L’attestation d’accueil concerne tout étranger souhaitant séjourner moins de 3 mois en France, dans le cadre d’une visite privée ou familiale, sauf :
ressortissant d’un pays de l’Espace économique européen, suisse, andorran ou monégasque
titulaire d’un visa de circulation Schengen, valable 1 an minimum pour plusieurs entrées
titulaire d’un visa carte de séjour à solliciter dans les 2 mois suivant l’arrivée,
personne effectuant un séjour humanitaire ou dans le cadre d’un échange culturel, sous conditions
Attention, l’attestation d’accueil est payante (30 €).
Pièces à fournir
La demande est faite et signée sur place sur le formulaire cerfa n°10798*03, remis au guichet de la mairie.
Le demandeur doit présenter les originaux des pièces suivantes :
justificatif d’identité (carte d’identité ou passeport pour le Français, l’Européen ou le Suisse ; titre de séjour pour les autres étrangers impérativement à la bonne d-adresse),
Si vous êtes locataire : contrat de location + dernière quittance de loyer
Si vous êtes propriétaire : acte de propriété + dernier avis de taxe foncière
justificatif de domicile (quittance de téléphone ou EDF ou EAUX) ;
tout document justifiant ses ressources (3 derniers bulletins de salaire, dernier avis d’imposition, indemnités chômage ou retraite, allocations familiales) et son engagement à prendre en charge financièrement l’étranger s’il est défaillant,
tout document sur sa capacité à héberger le ou les étrangers dans des conditions normales de logement (en termes de superficie, de sécurité, de salubrité et de confort du logement),
un timbre fiscal pour un montant de 30 €
si l’attestation d’accueil concerne un mineur non accompagné, une attestation sur papier libre des détenteurs de l’autorité parentale, précisant la durée et l’objet du séjour de l’enfant + copie de la pièce d’identité du signataire de l’attestation.
Se munir du numéro de passeport du ou des visiteurs, qui doit être inscrit sur le formulaire (ainsi que les dates de délivrance et d’expiration et lieu d’établissement) + état civil et adresse de la personne hébergée + dates exactes du séjour
À noter
Un justificatif d’assurance est exigé au consulat (prise soit par l’hébergeant soit par l’hébergé et présenté aux autorités consulaires lors de la demande de visa) ;
L’appréciation des conditions de logement est rétablie et des enquêtes au domicile sont possibles ;
L’engagement de l’hébergeant à prendre en charge les frais de séjour de l’hébergé si celui-ci ne peut le faire.
Délivrance de l’attestation
Le délai d’obtention est habituellement entre 2 et 4 semaines.
La validation permet notamment au maire de vérifier que le signataire de l’attestation :
est bien la personne qui déclare accueillir le ou les visiteurs étrangers,
et qu’il peut héberger ses visiteurs dans des conditions normales de logement.
En cas d’avis favorable du maire, l’attestation d’accueil validée est délivrée au demandeur.
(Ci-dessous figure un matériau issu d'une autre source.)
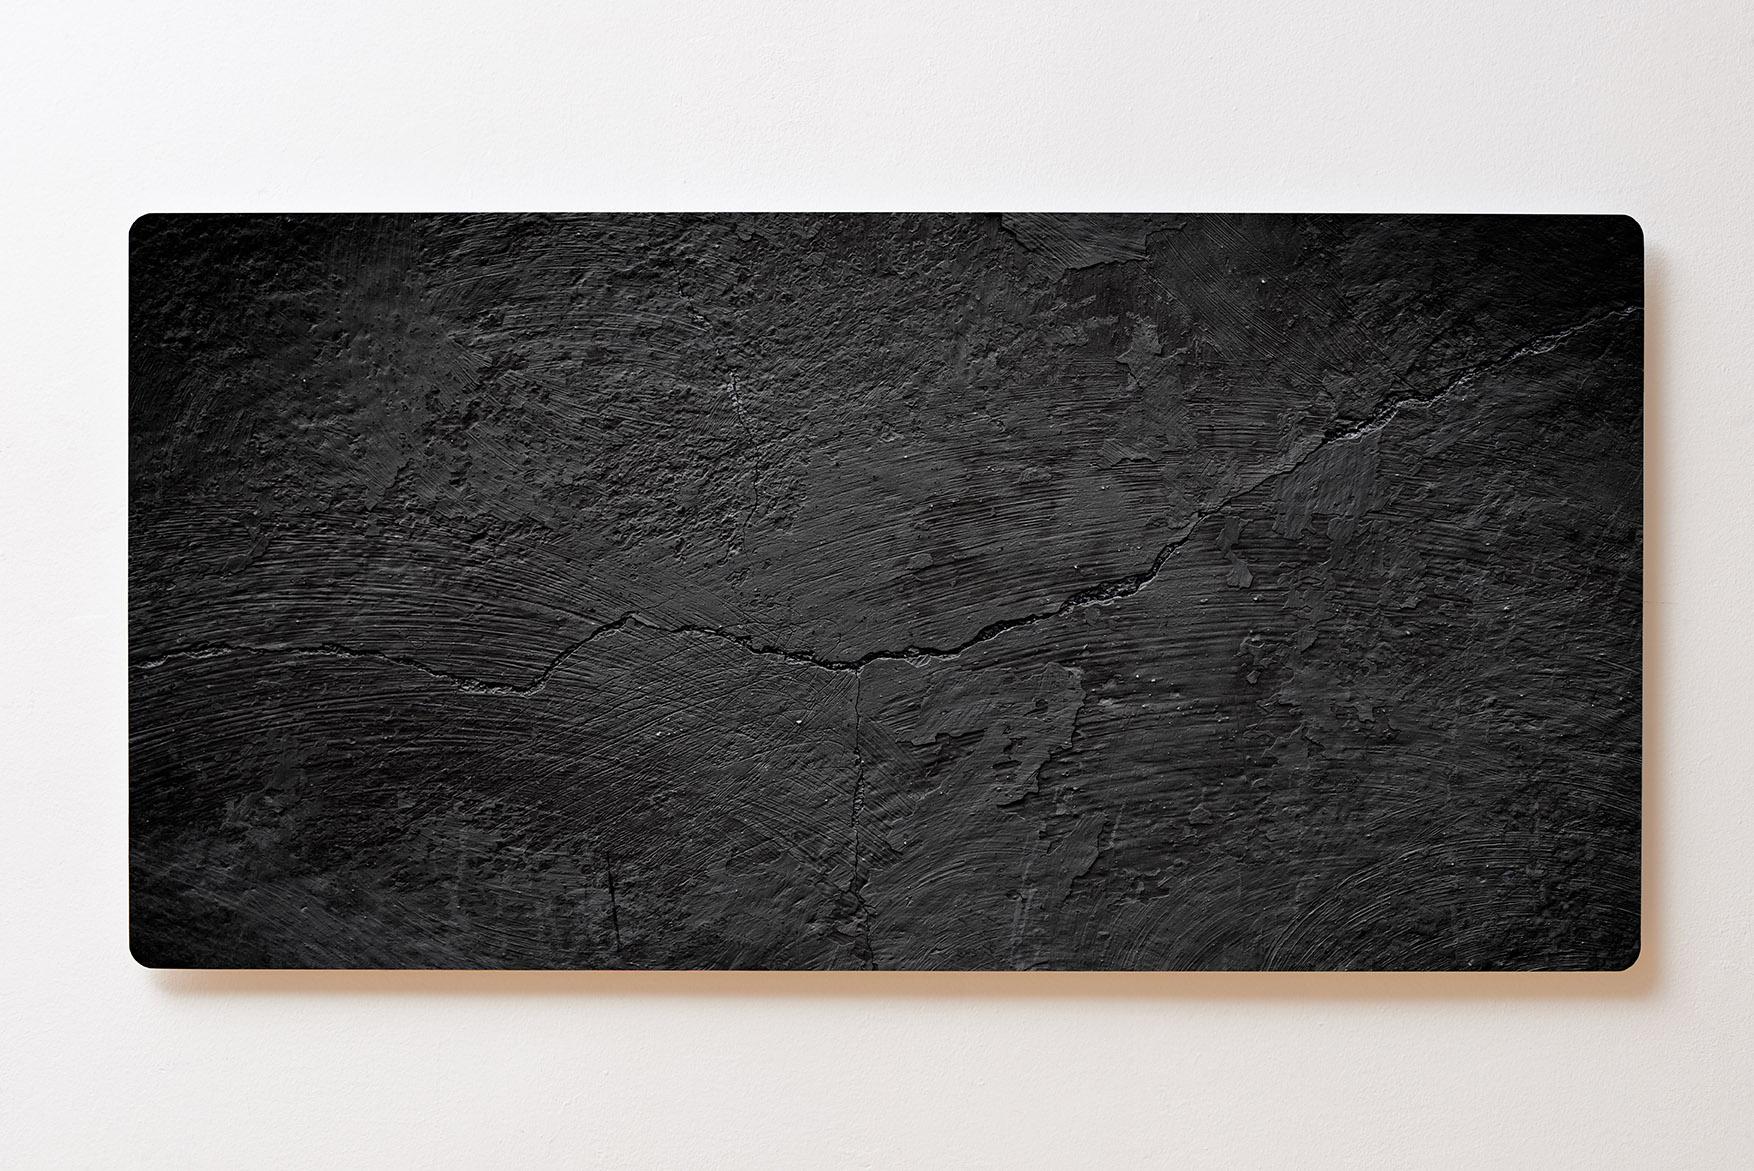 Magnettafel BACKLIGHT 120x60cm Motiv-Wandbild M115 Betonwand Schwarz

Il doit se présenter en personne à la mairie. La délivrance n’est pas forcément immédiate. Un examen approfondi du dossier ou une enquête dans le logement d’accueil peut être nécessaire. Dans ce cas, un récépissé de dépôt est remis au demandeur. L’attestation d’accueil validée doit être transmise par l’hébergeant à l’étranger qu’il souhaite accueillir.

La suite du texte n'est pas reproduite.